#### [Supplied data]
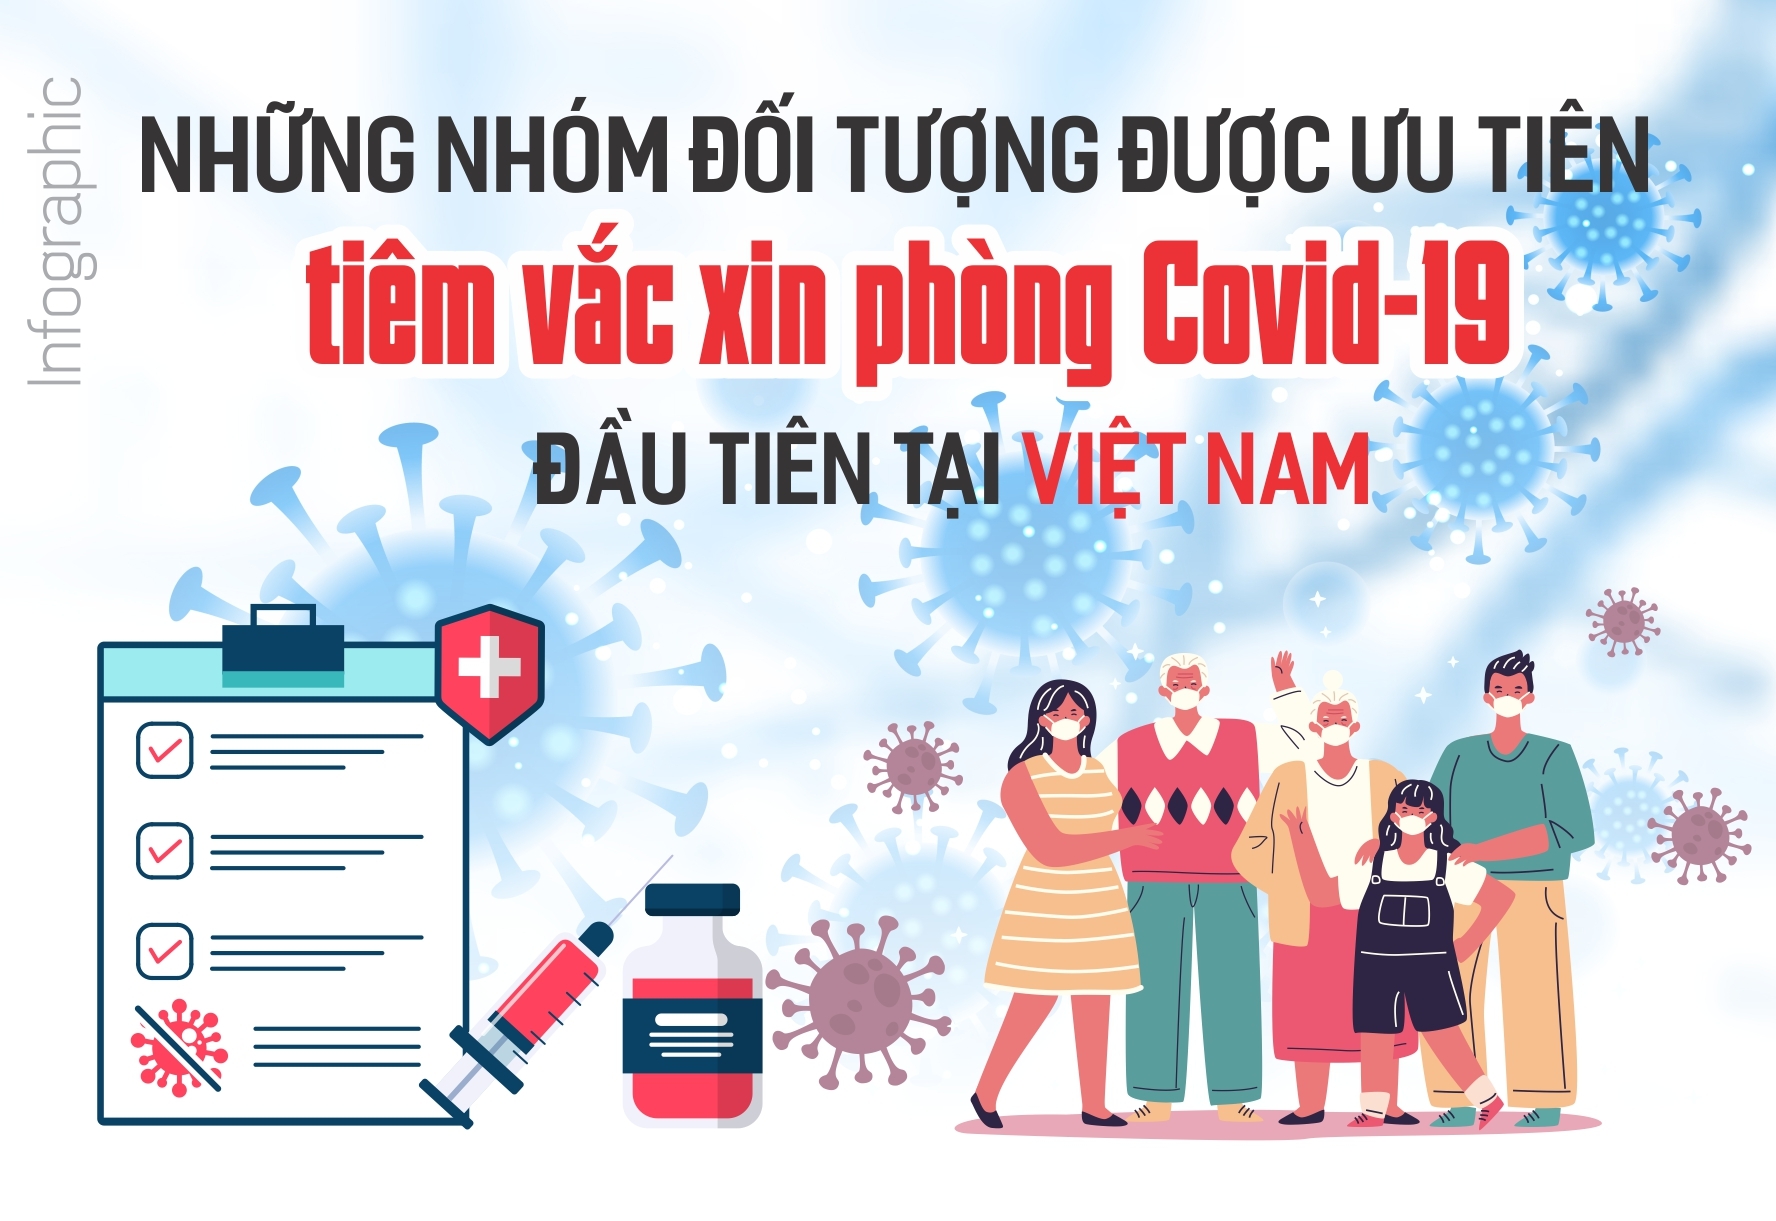 [INFOGRAPHIC] 11 nhóm đối tượng được ưu tiên tiêm vắc xin phòng Covid-19 đầu tiên tại Việt Nam
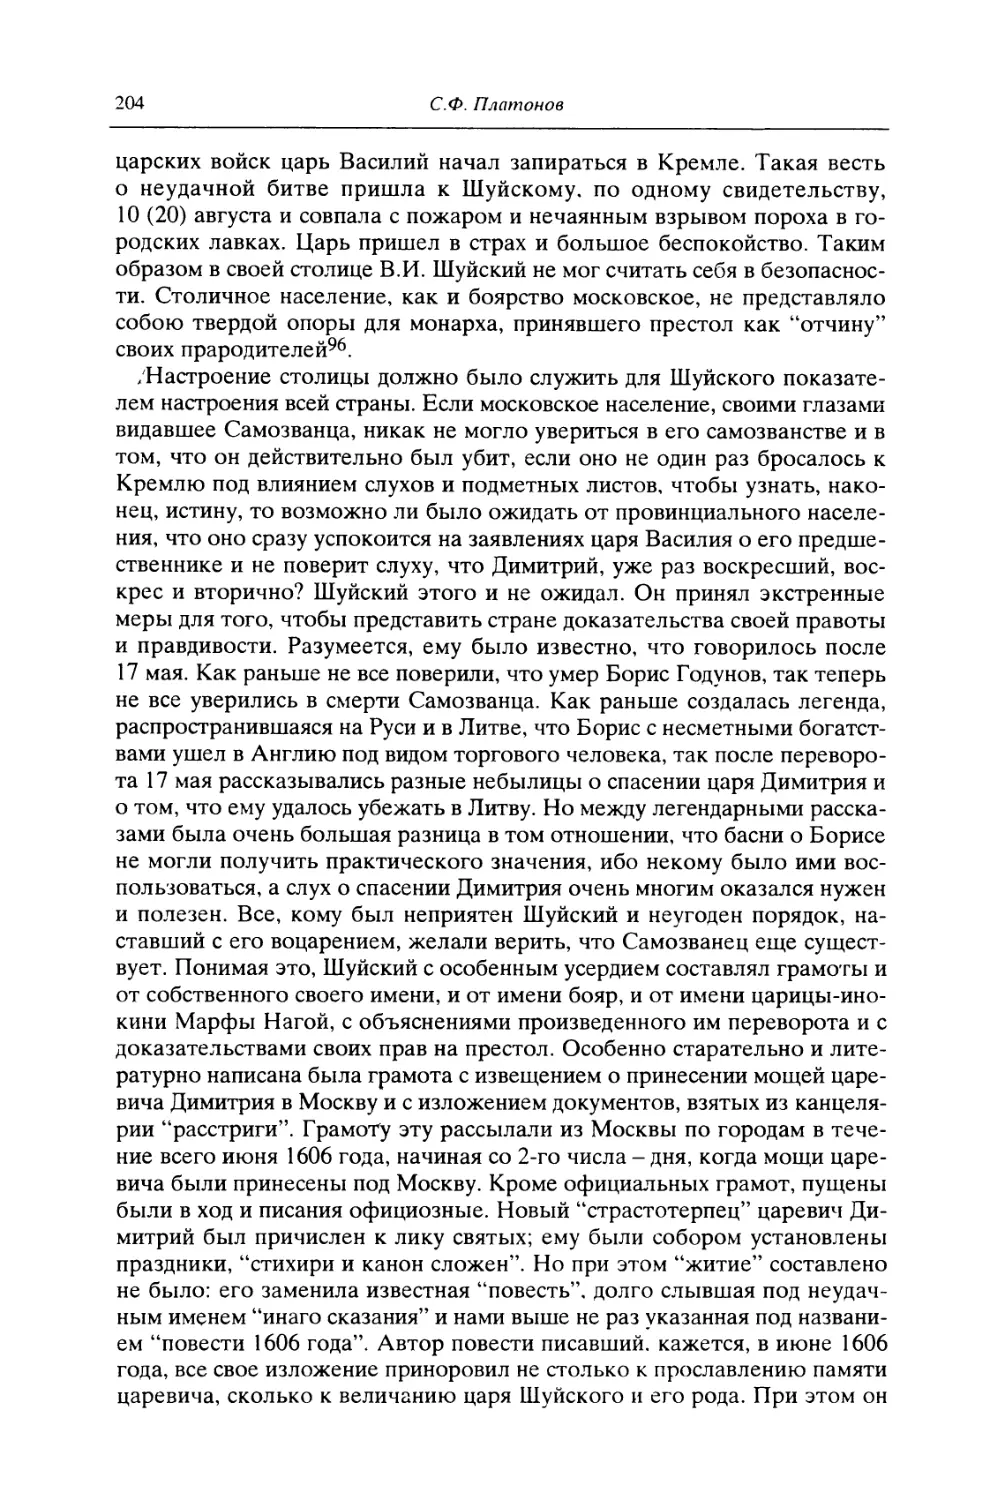 II. Отношение к перевороту 17 мая московских областей. Восстание северских и польских городов
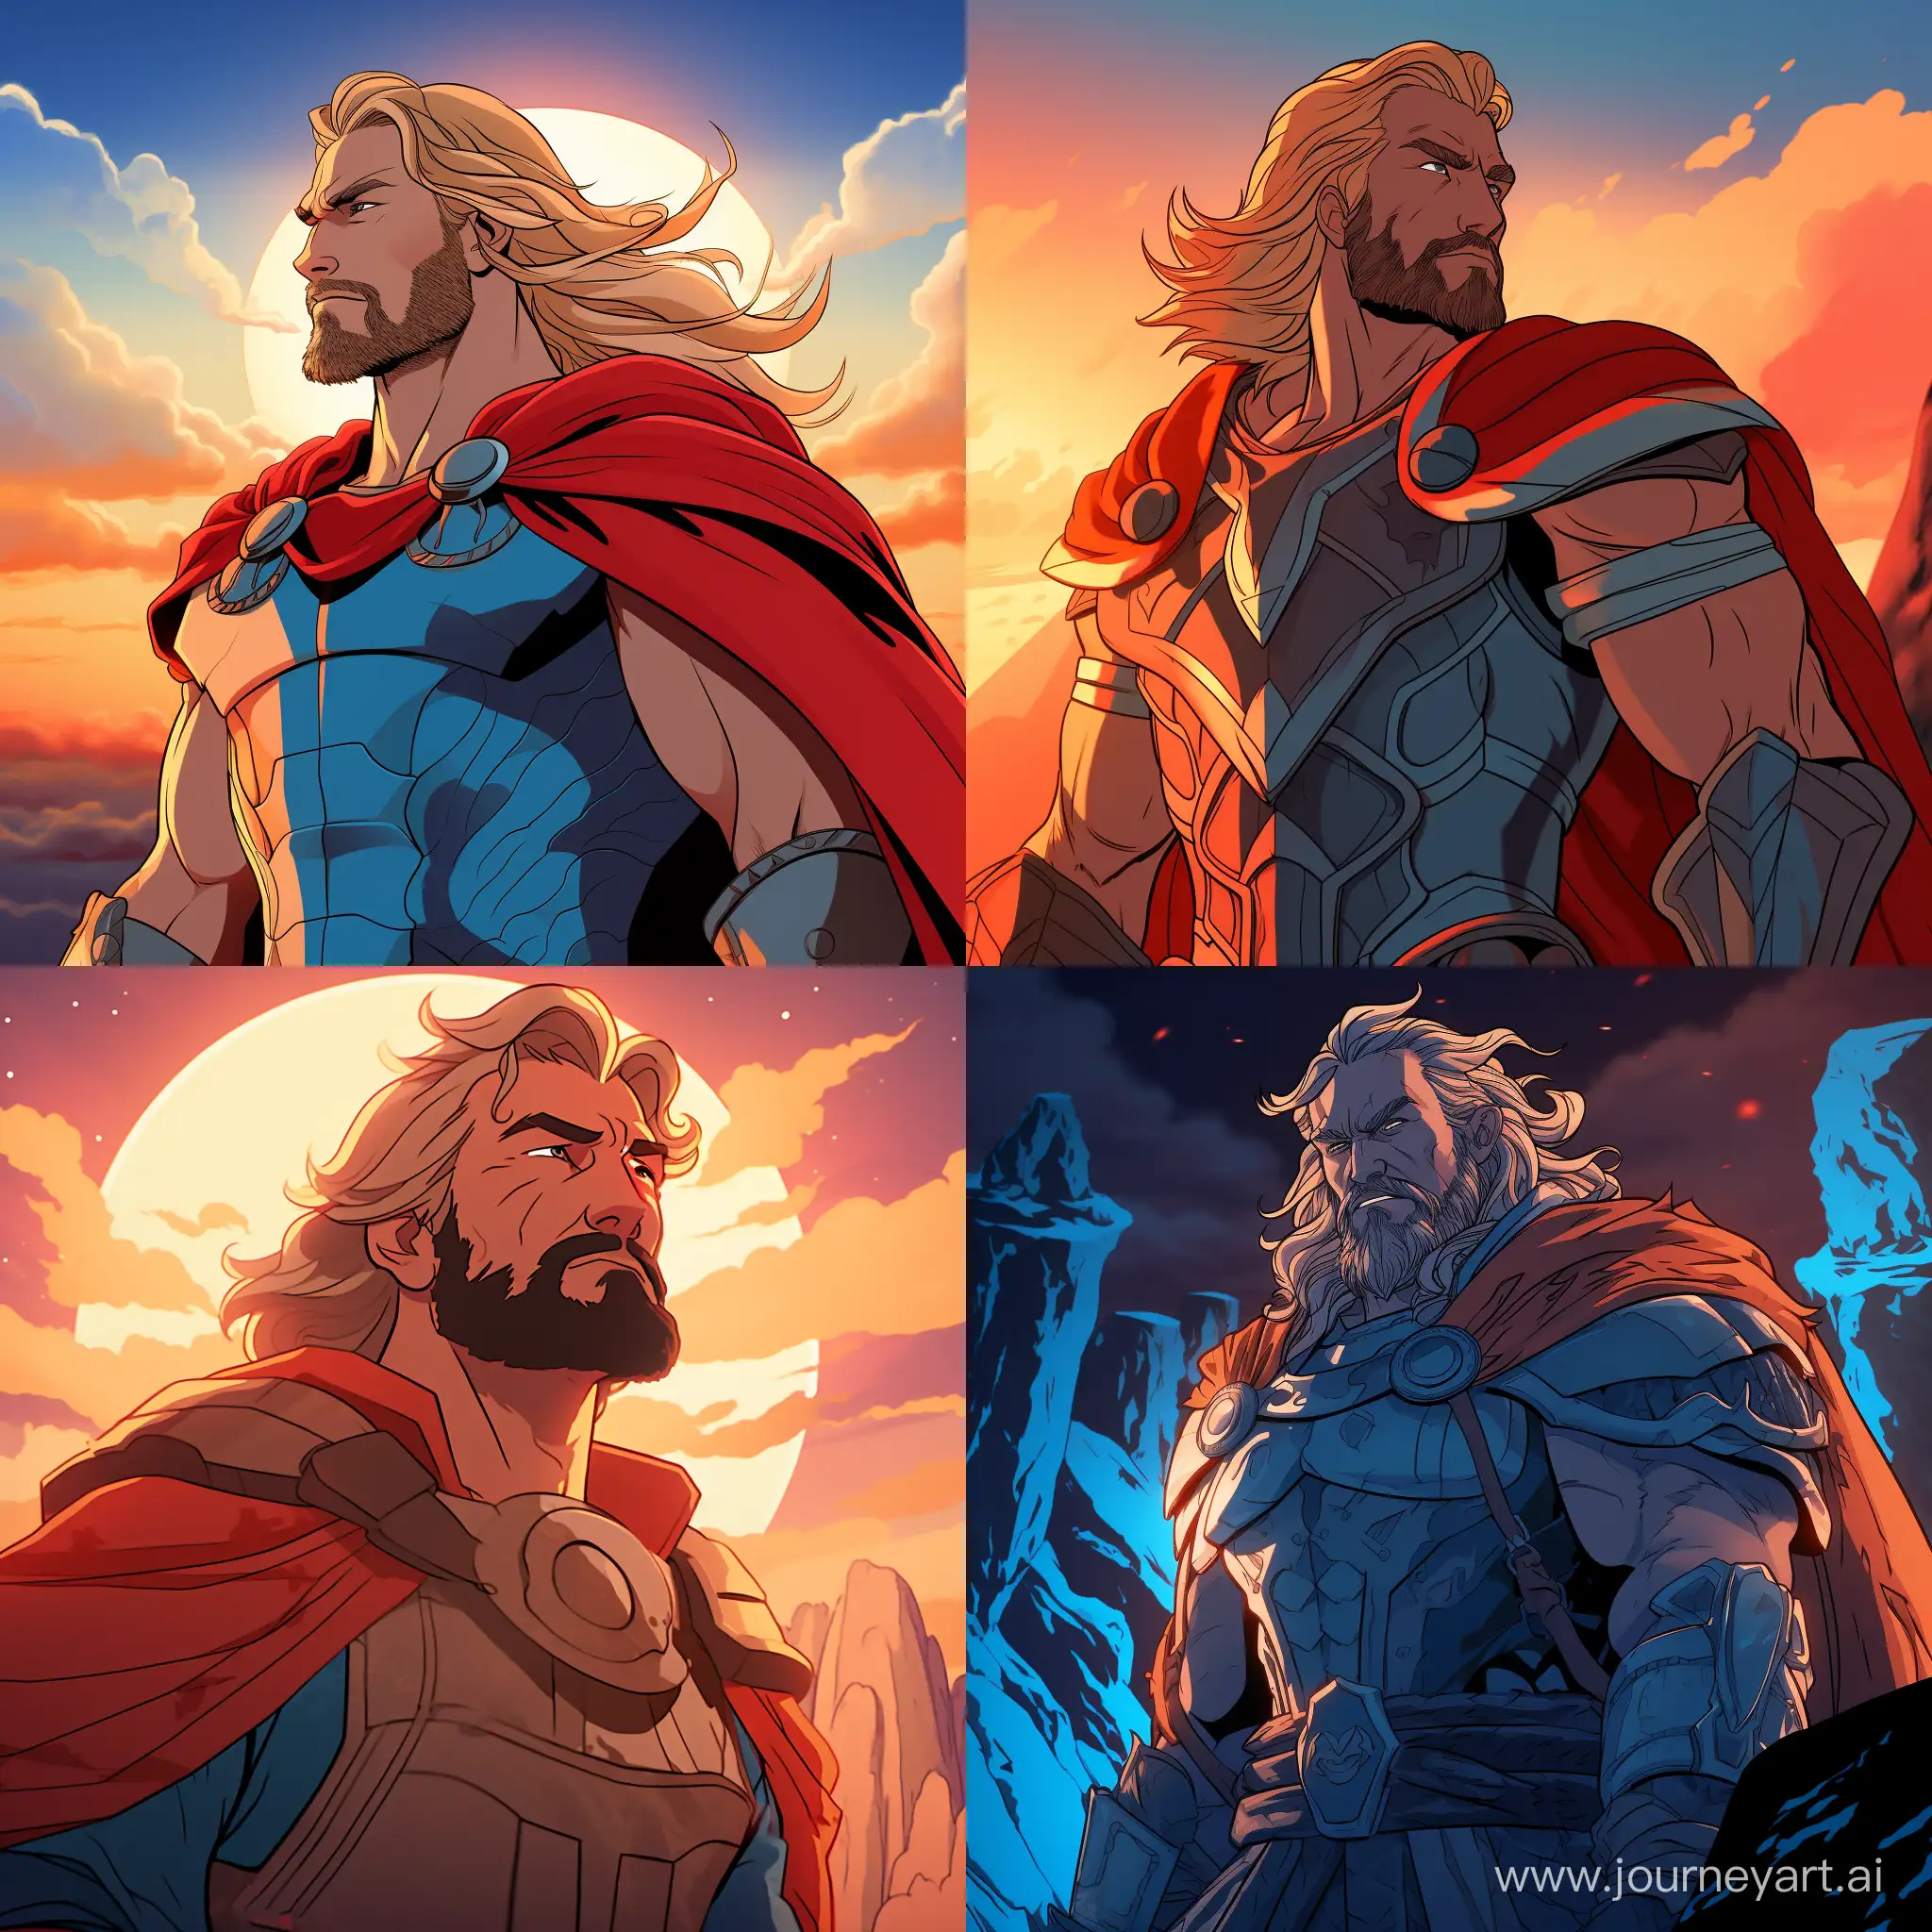 Thor cel shading animation style

#### [Action item]
Please retype the data exactly as it appears, but without any of its pictures.

#### [Exercise output]
 [INFOGRAPHIC] 11 nhóm đối tượng được ưu tiên tiêm vắc xin phòng Covid-19 đầu tiên tại Việt Nam
 II. Отношение к перевороту 17 мая московских областей. Восстание северских и польских городов
 Thor cel shading animation style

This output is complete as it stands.